3. Play Sims 4 either get through another day with Smiler Always or do some more building: Check to the first! After putting my mods and CC back into my game (everything seems to be working all right!), I hopped into Sims 4 and went back to Smiler! They had a pretty chill Friday, all things considered – they started by refining and organizing their final presentation for their “Pondering Personalities” class, then took care of their garden, cleaned up the dishes from Harvestfest, and set their pronouns to “they/them” because we can do that now. :D Then it was off to the campus to do some more homework, attend their first class, and then meet up with their buddy Davion (who nearly walked off and despawned, but apparently was willing to go back and say hi after Smiler waited in place long enough). They chatted for a while, and Smiler was able to get a drink with permission from him – a drink that allowed them to level up their “Influence Emotions” power into “Alter Emotions” (which looks like it affects more Sims, judging from the bigger “blast radius”). Then they flew around for a bit – playing games at the arcade, picking up “Hopper” the MySims trophy from a fossil rock, and then meeting up with Angela Pleasant and having a nice chat before heading to their Mixology class. And once that was done –

It was time to hit the Game Day Party, w000! A – kinda pathetic little gathering with a stereo, a ping-pong table, and a few people hanging around in face paint. O.o I was expecting a bit more? Still, Smiler was able to hang out there for a while – getting to know fellow Spirit Squad member Hajar, doing some VERY BRIEF streaking (the game kept resetting them before they got more than a few feet), encouraging people to dance, playing Ping Pong against Lilith Pleasant (and losing), and starting the Foxbury Cheer a few times! It wasn’t a lot of school spirit, but it was enough to upgrade them to a Seasoned Member of the squad. :) Plus they got the inheritance phone call again – $2,500 for asking about the conditions, nice. That plus their paycheck from work has funded the purchase of the Ultimate Vampire Tome, w00! So they’re one step closer to maxing out their Vampire Lore skill! :D Yes, things are going pretty darn well for Smiler. Maybe not the most exciting day today for them, but given they’ve been going on dates and having parties and whatnot a lot recently, it’s good to have a quieter day every so often. :)

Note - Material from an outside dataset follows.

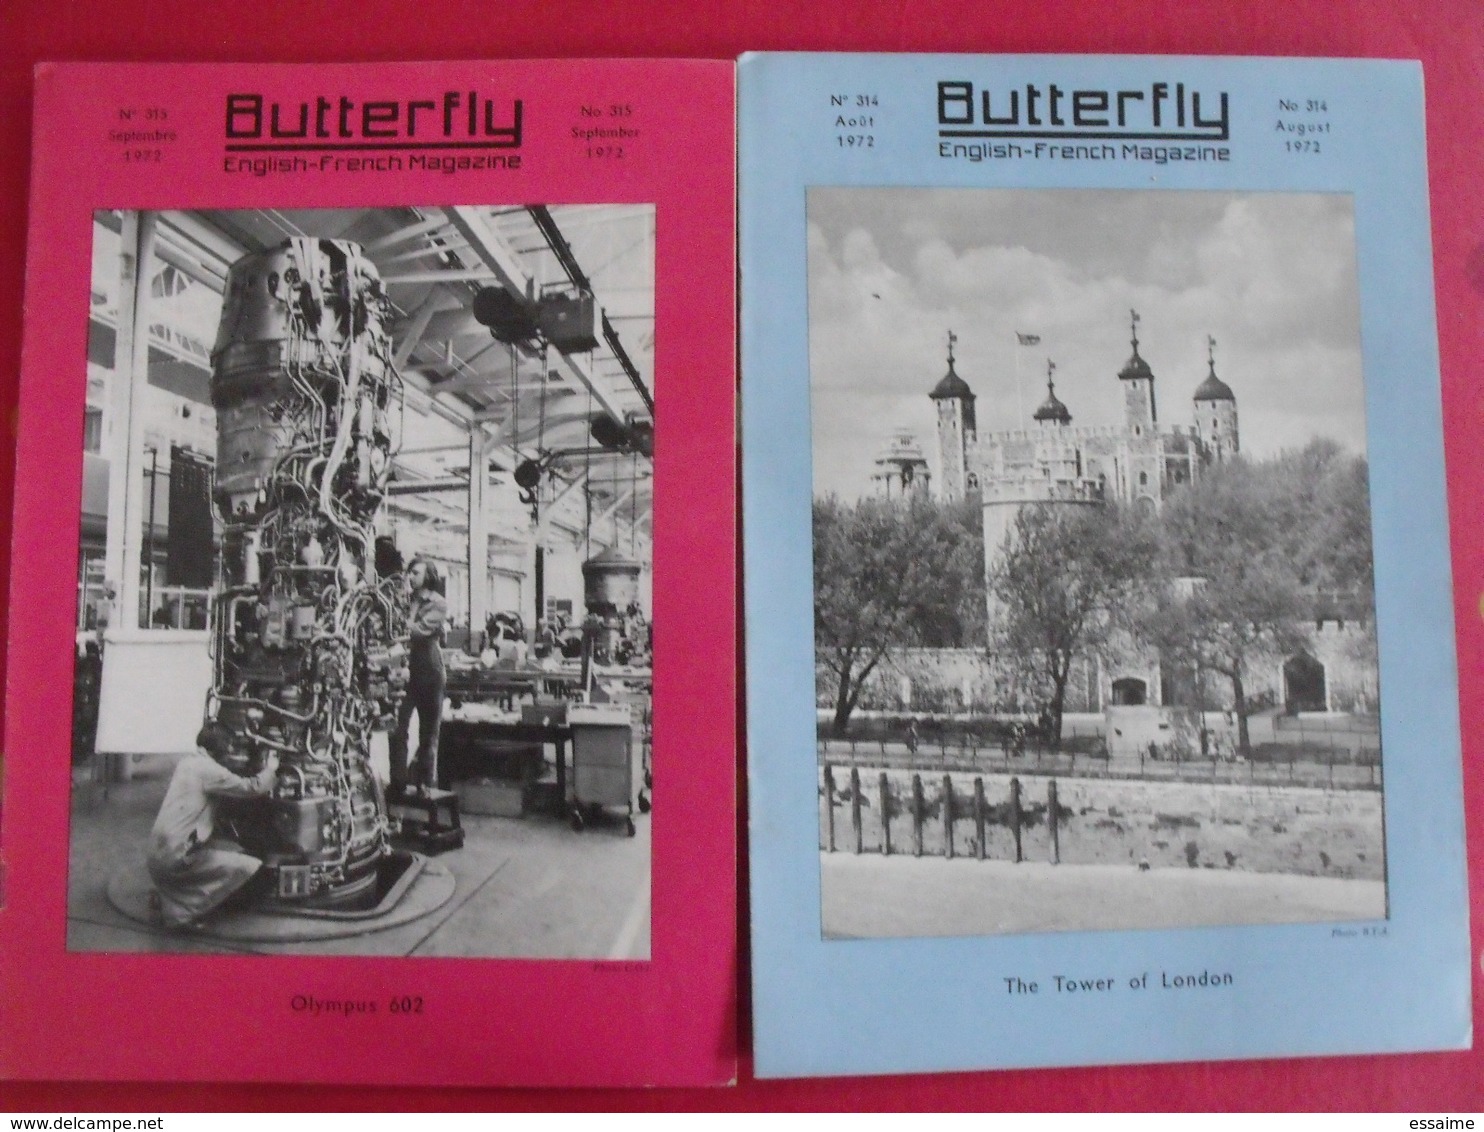 14 revues butterfly, English-French Magazine. revue pédagogique1970-1972

Ahhh, good to have a low-stakes day -- especially when it lets me get a few things into the drafts that I've been meaning to cover already. Trying to keep a good backlog of content in there for -- well, for weeks like the ones I've had recently at work, where the creative urges are low! But this has been pretty good for a brain break weekend -- hoping I can get back into the fanfic flow on Monday!

But for now, Sunday to-dos:

1. Keep up with the FO4 Playthrough Progression

2. Keep up with YouTube Subs and Jon's FO4: Point Lookout video

3. Play Fallout 4 and get past Power Armor Raider

4. Work on tumblr drafts

5. Get in a workout

That last one remains optional, but I do hope to get down there. Also hope to get something out of the Watch Later too, but we'll see! Depends on if we do beanbags and other factors. As it is, I've got social and RP stuff going on right now, so I'd best get back to it -- night all!